01 March 2018

REVIEW: Black Panther: The Album

Ever since the TDE collective Black Hippy started to gain notariety after Kendrick Lamar burst onto the scene in 2012, fans have been clamoring for a project featuring all four members of the label.  As years have passed and Top Dawg Entertainment grew into a juggernaut in the industry, they also acquired new members and made several alliances along the way, so an album with just Kenny, Soul, Q, and Jay Rock began making less and less sense.

Luckily, an opportunity arose when director Ryan Coogler approached Kendrick about an idea to be at the helm of the soundtrack for the movie Black Panther.  In an interview, Coogler stated that "Kendrick's artistic themes align with those we explore in the film."  So following the DAMN. tour, Kung Fu Kenny and his in-house production team began laying down the groundwork for what could possibly go down as one of the best movie soundtracks ever created in the form of Black Panther: The Album.  In addition to providing the backdrop for the film itself, the soundtrack inadvertently satiates the hunger from fans that have been longing for TDE to form like Voltron and shock the world with their immense talent and perspective.  This may not be a Black Hippy project per se, but this is definitely an amazing consolation.
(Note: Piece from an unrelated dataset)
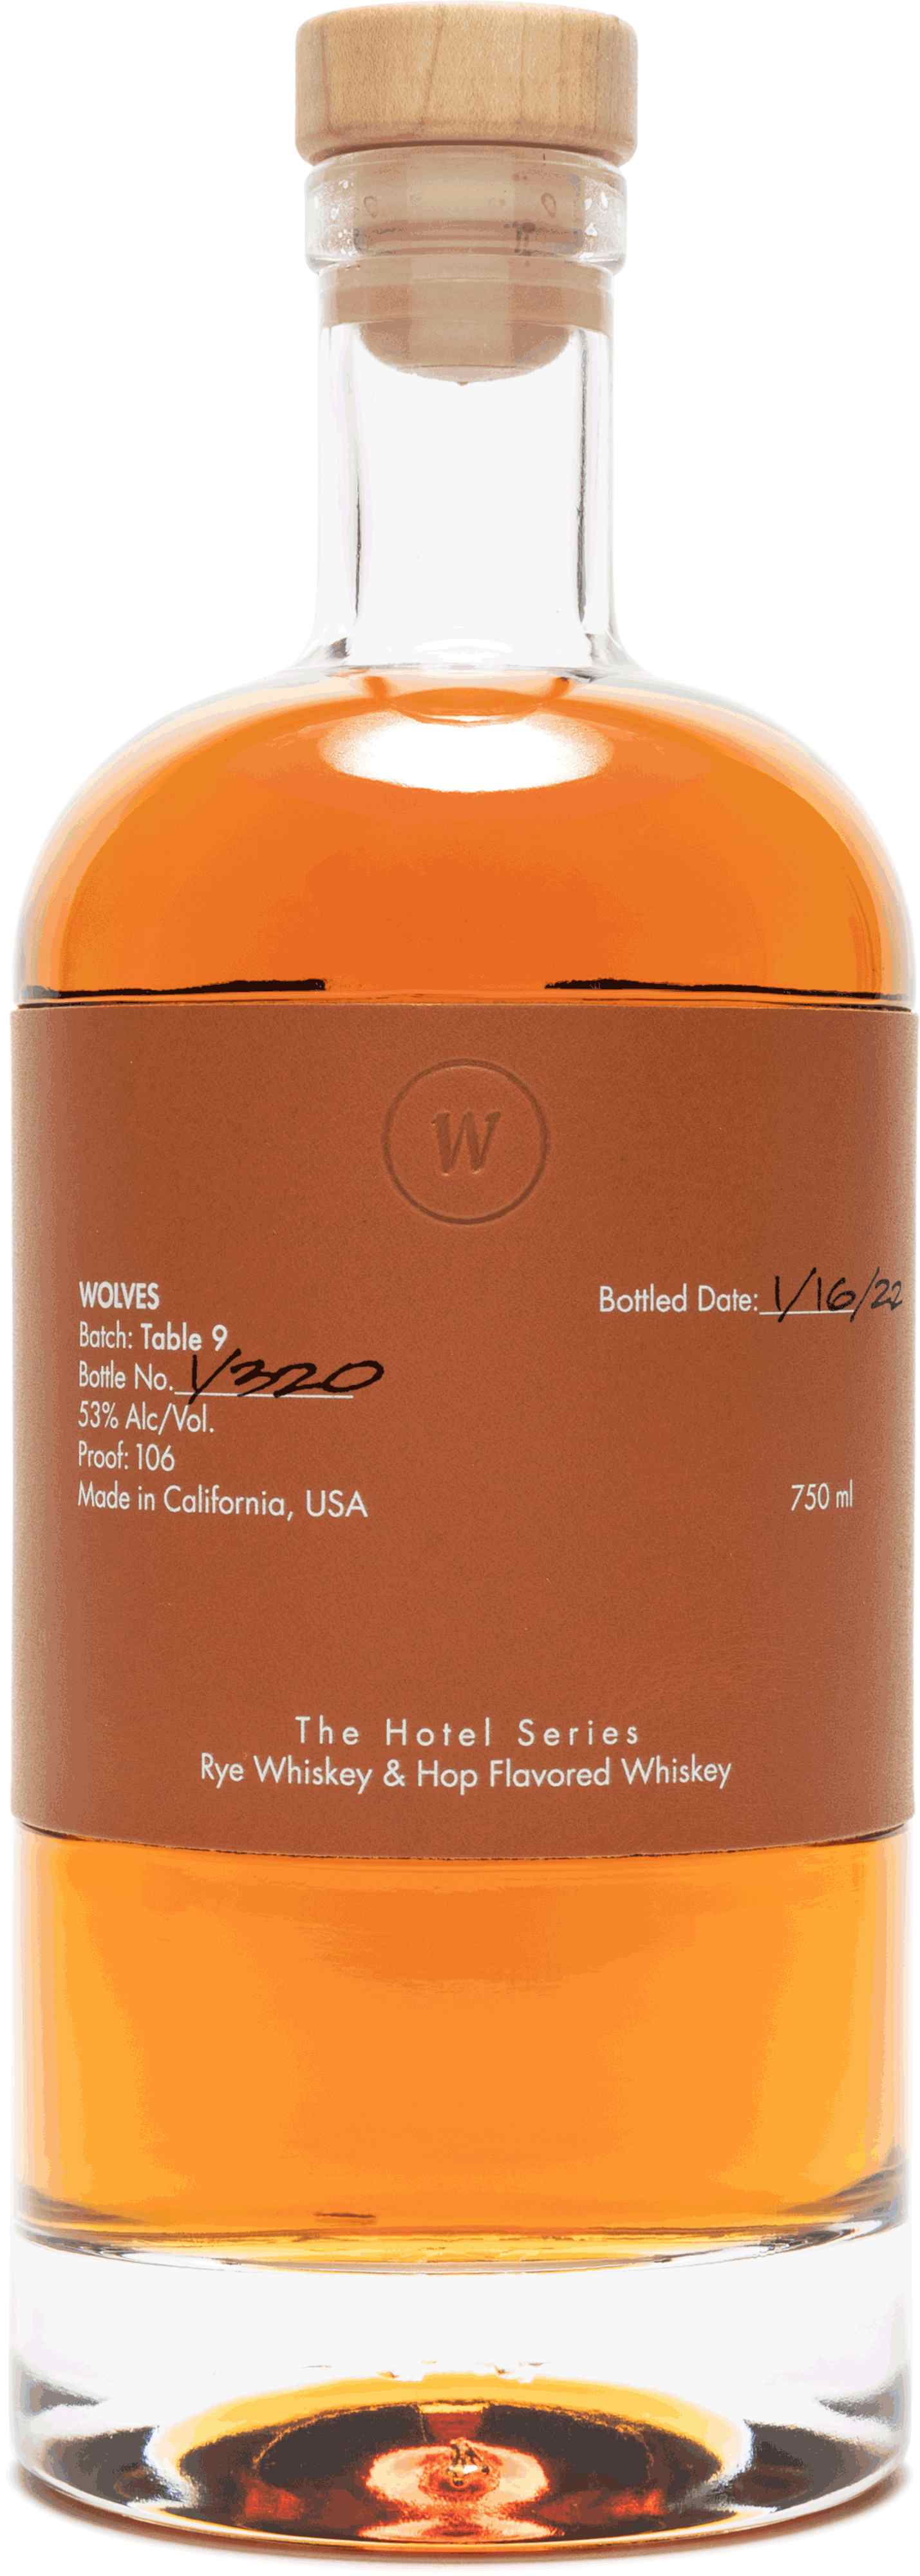 Wolves The Hotel Series Table 9 Rye Whiskey & Hop Flavored Whiskey ...

Let me start off by saying THIS SOUNDTRACK IS FUCKING PHENOMENAL!  Black Panther: The Album can be enjoyed whether or not you've actually seen the film, but understanding the references heard throughout will hit you much harder if you are familiar with the source material.  The reason is because this album is a perfect illustration of every major event in the movie and its overall significance.  In some ways, Kendrick creatively re-tells the stories of both T'Challa and Killmonger, as well as the societies each character comes from.  Kendrick's verse on "All The Stars" is from the perspective of T'Challa when Killmonger came storming into the throne room making demands, while Khalid & Swae Lee sing an ode to the powerful women of Wakanda on "The Ways."  The West Coast-infused "Paramedic" almost serves as Killmonger's theme song, while "Bloody Waters" and "King's Dead" are essentially the height of the conflict between both main characters, as Killmonger defeats T'Challa and assumes the throne.
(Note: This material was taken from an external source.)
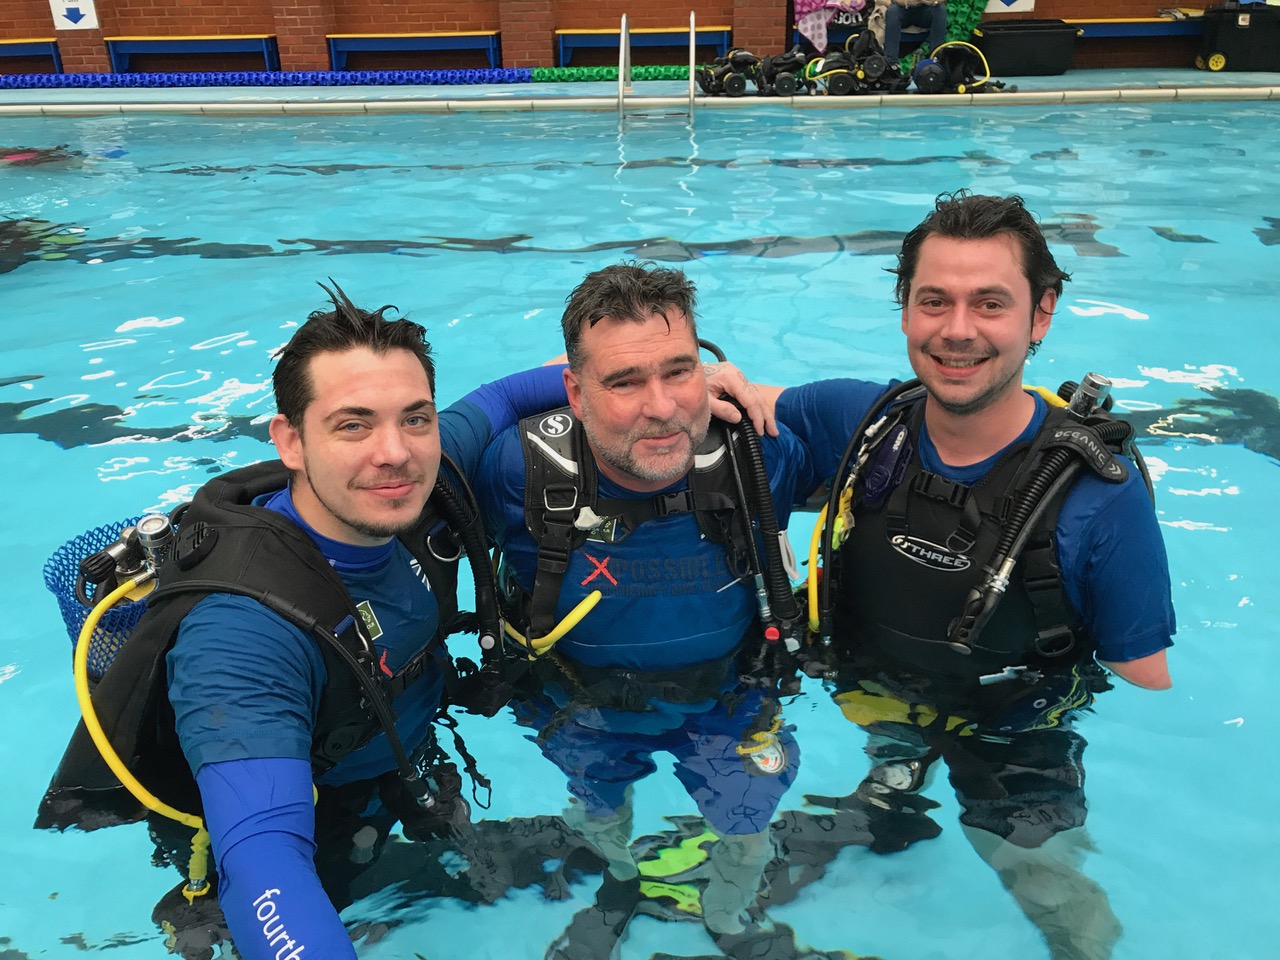 Gary, Colin and Chris post-dive

Even though Kendrick isn't featured on every track, his influence is heard thematically throughout.  This album features notable contributions from artists representing every facet of urban culture, and most of it works extremely well, with only a few head scratchers.  Swae Lee and Future may be in a similar lane in this industry, but the gap in their creativity and ability to blend into a song are staggering.  Swae Lee fits perfectly alongside Khalid on "The Ways," despite Khalid's reputation as being more of a true 'artist.'  Meanwhile, Future's embarrassing attempt to flex his creative muscle on "King's Dead" is so bad that it ruins a moment that could have been special for Jay Rock, who managed to pull a whole new style out of his arsenal on this song.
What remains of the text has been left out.